Most of what I call bugs are really insects: ladybugs, grasshoppers, and mosquitoes, to name a few. All insects have six segmented legs and exoskeletons. They have two antennae, and bodies segmented into a head, a thorax, and an abdomen.
True bugs, on the other hand, belong to the subset of insects called Hemiptera. While also mostly benign, they include stinkbugs, bedbugs, cicadas, and aphids.
Worldwide, about 75,000 different bugs are classified as Hemiptera. These true bugs have a straw-shaped mouth, or stylet, they use to mostly sap juice from plants or occasionally blood from animals. They also have long, segmented antennae. Their wings are tough and dark where they meet their bodies and are thin and translucent at the ends.
You can find the major difference between insects and true bugs by studying their mouths. A bug’s stylet is fixed in place. So even though a mosquito sucks our blood, it uses its proboscis while feeding then retracts it when it’s finished.
Even though I (and probably many others) call most little creepy-crawlies bugs, millipedes, centipedes, and spiders also find their way to my garden. Along with scorpions and ticks, they are classified as arachnids because they have eight legs. To distinguish them further, you need to study how their feet and legs are arranged.
Arachnids are named for the Greek goddess, Arachne. A common version of the myth introduces Arachne as an extraordinary weaver with the hubris to claim she is more skilled and has more artistry than Athena, herself. Of course, Athena could not leave that boast unchallenged. Athena wove a four-paneled tapestry depicting the arrogance of humans. Arachne’s weaving showed how the gods' cruelty afflicted humans. Even though Arachne’s weaving was judged superior, Athena cursed her. She turned Arachne into a spider and forced her to weave for all eternity.
Around 1750, Carolus Linnaeus devised a system to organize life on earth. He first separated plants from animals. That worked pretty well, at least until 1959, when Robert Whittaker added three new categories including algae, mosses, and fungi and many of their relations. When modern scientists considered the molecular structure of living things, five categories became too general.

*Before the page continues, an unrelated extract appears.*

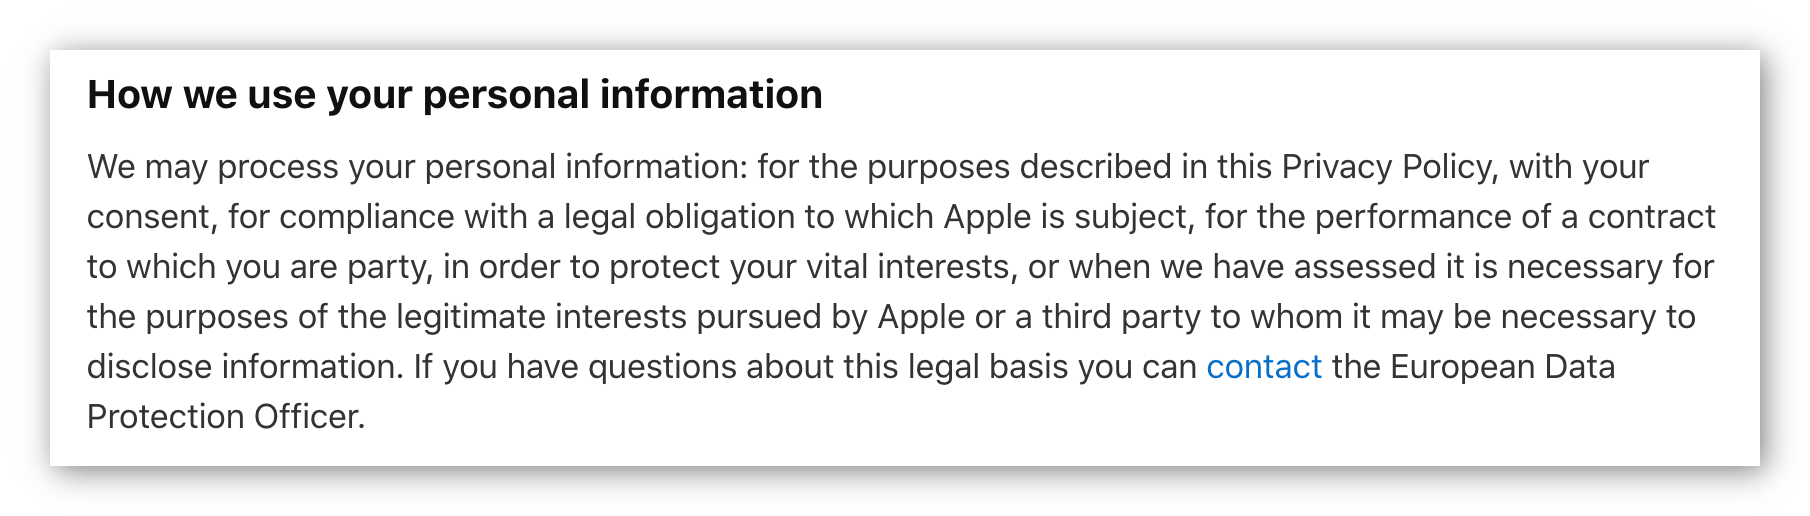 Captura de pantalla de la política de privacidad de Apple
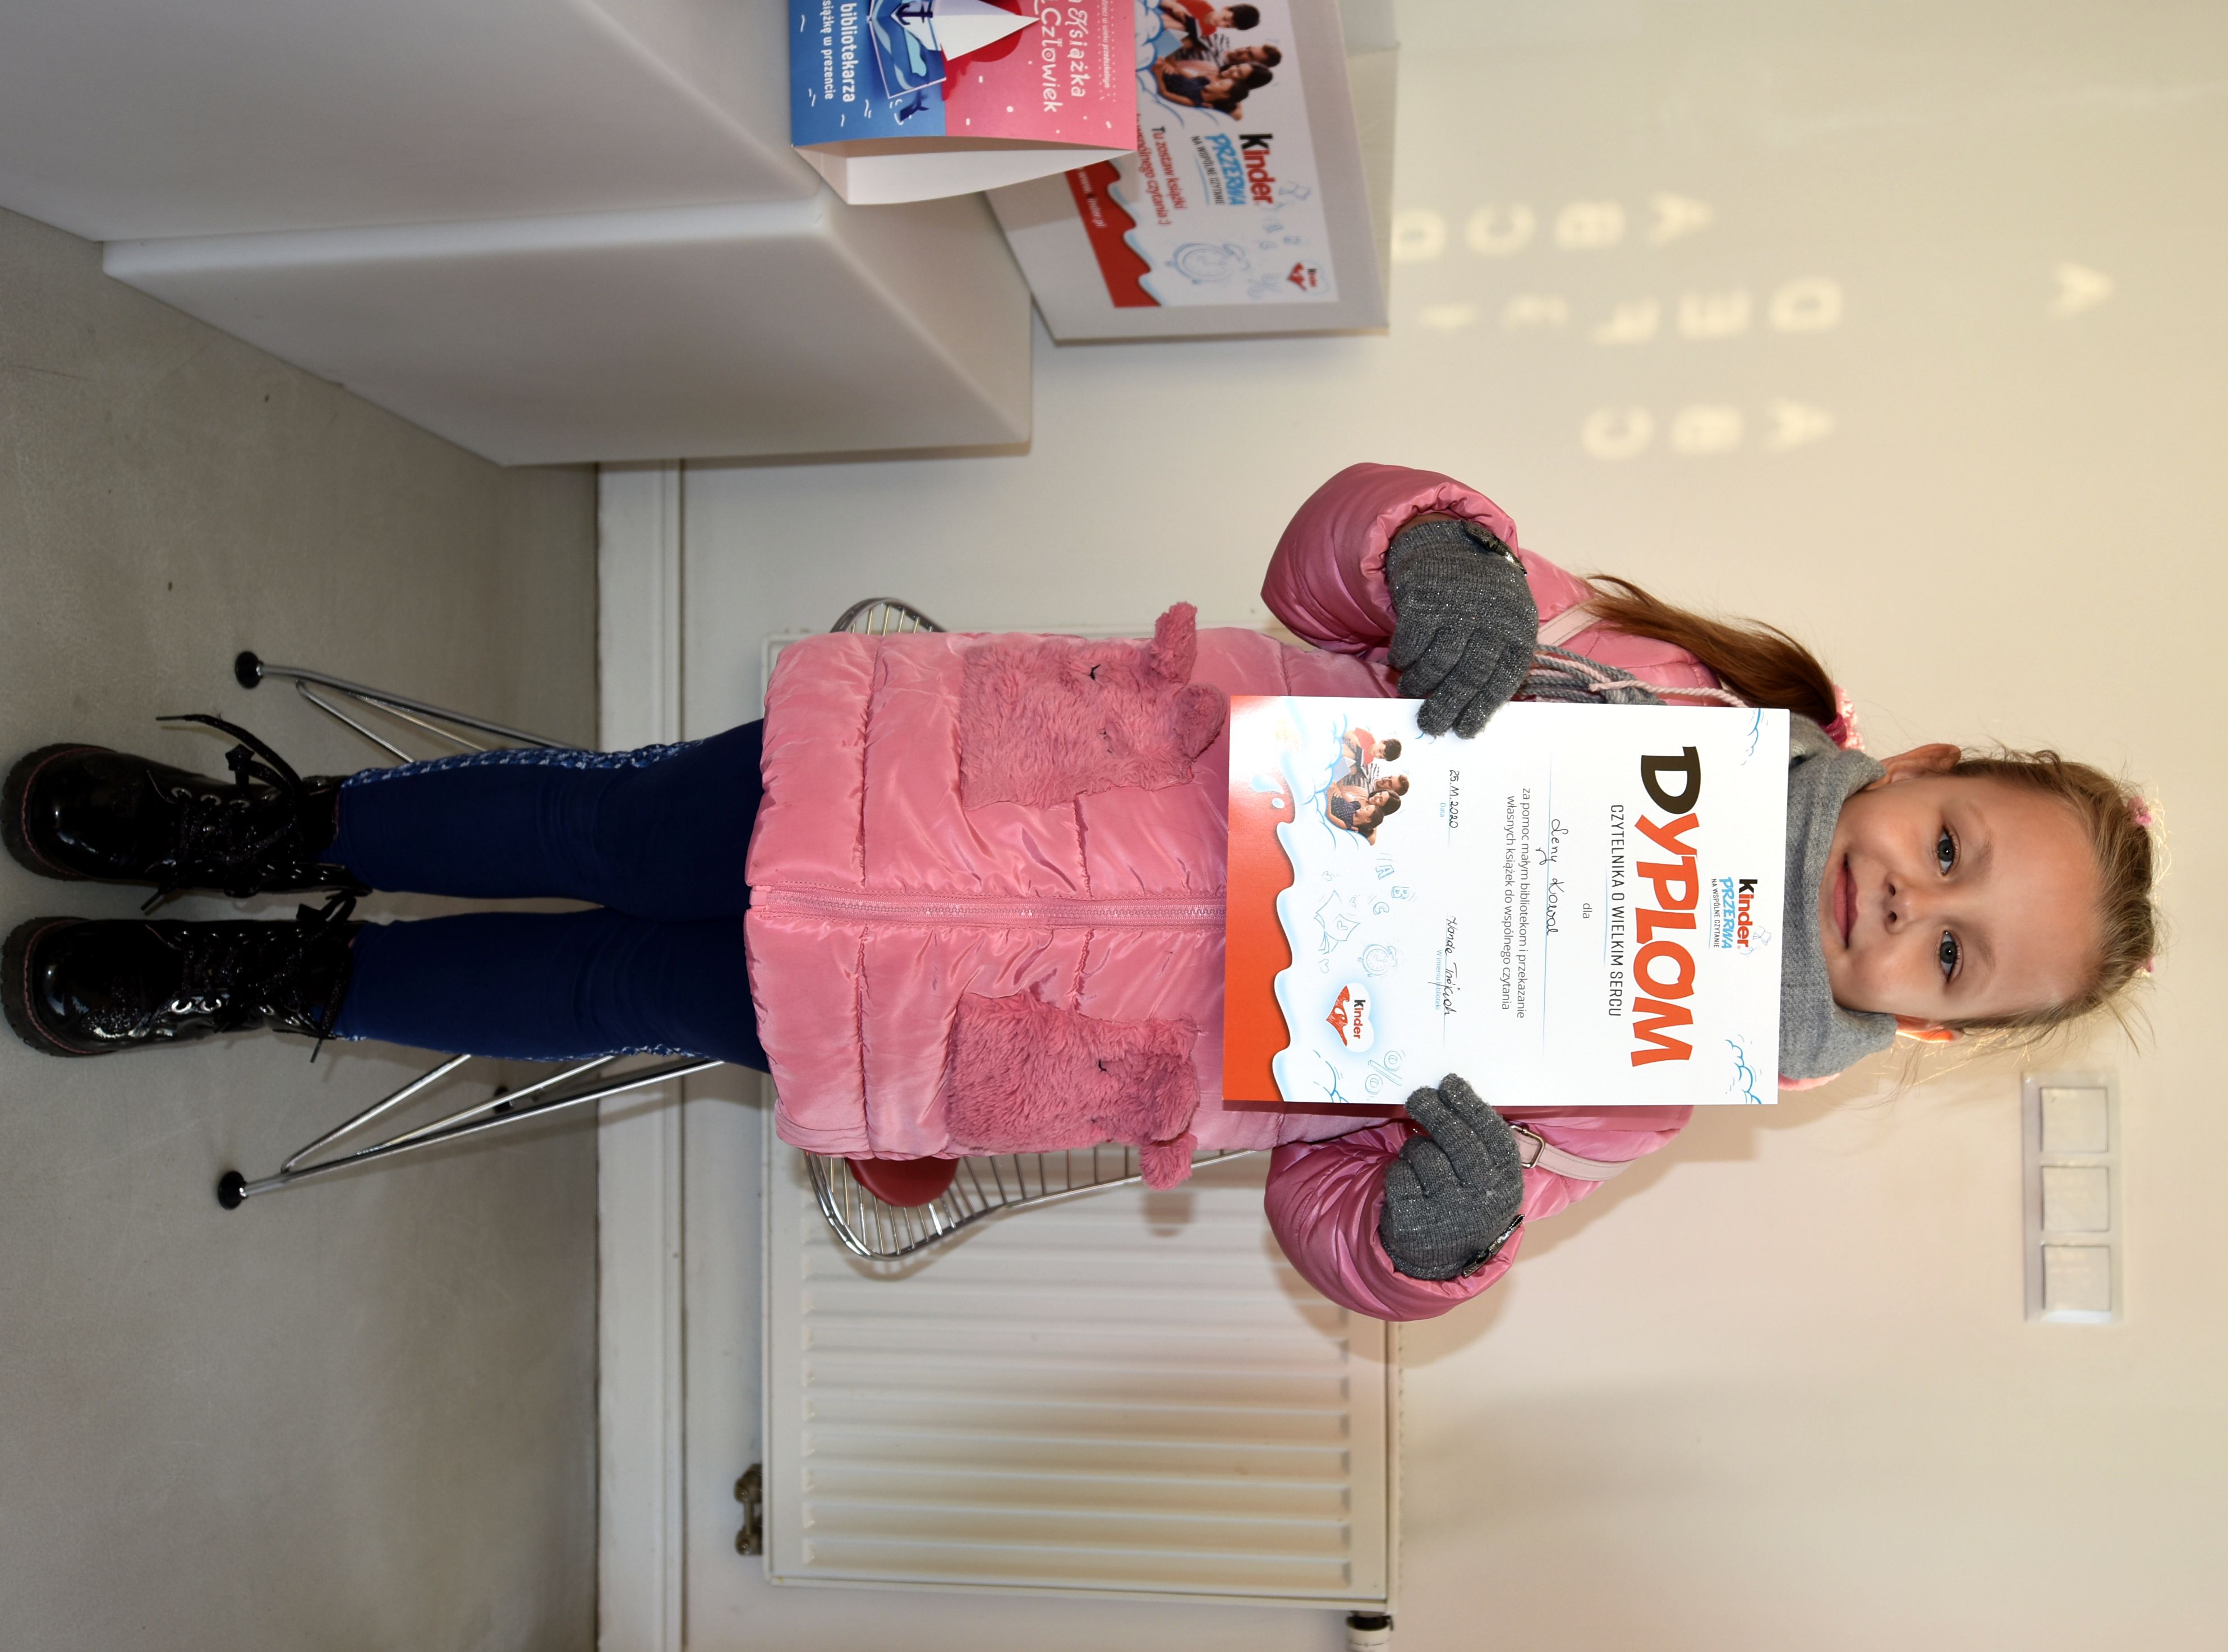 Lena z dyplomem Czytelnika o Wielkim Sercu, który dostała  za przekazanie książek w ramach akcji Kinder "Podziel się książką"

Seems like the more we learn about ourselves and our Earthmates, the blurrier the separation lines become.
And since we’re getting a little scientific, we need to mention computers. The first computer bug was a real bug. A moth to be specific. On September 9, 1947, Grace Hopper, a former US Navy Rear Admiral and computer scientist, discovered why an error kept occurring on the Mark II machine she and her team were working on. An actual moth with a 2-inch wingspan flew into the workings of the machine and got stuck. Grace extracted the critter, taped it into the log book, and identified it as a computer bug. I guess you could say her term has gone viral.
From computers to compost, we find bugs, insects, and arachnids everywhere. Some are prey, a few are predators, but most just like to hang out and smell the roses. Oh, no! Aphids love roses!
I’m reading another book by Kate Quinn, The Rose Code (HarperCollins, 2021). It’s also historical fiction and tells of three young women recruited to work at Bletchley Park as code-breakers. Quinn’s use of language helps her readers feel like we’re in scene with these strong women. Her characters feel so real, I think, because Quinn shows off her thorough research by writing plausible relationships, and situations in a setting that feels like a character in its own right.
Bletchley Park, the WWII top-secret facility housed in an English country mansion close to the center of England is now a museum.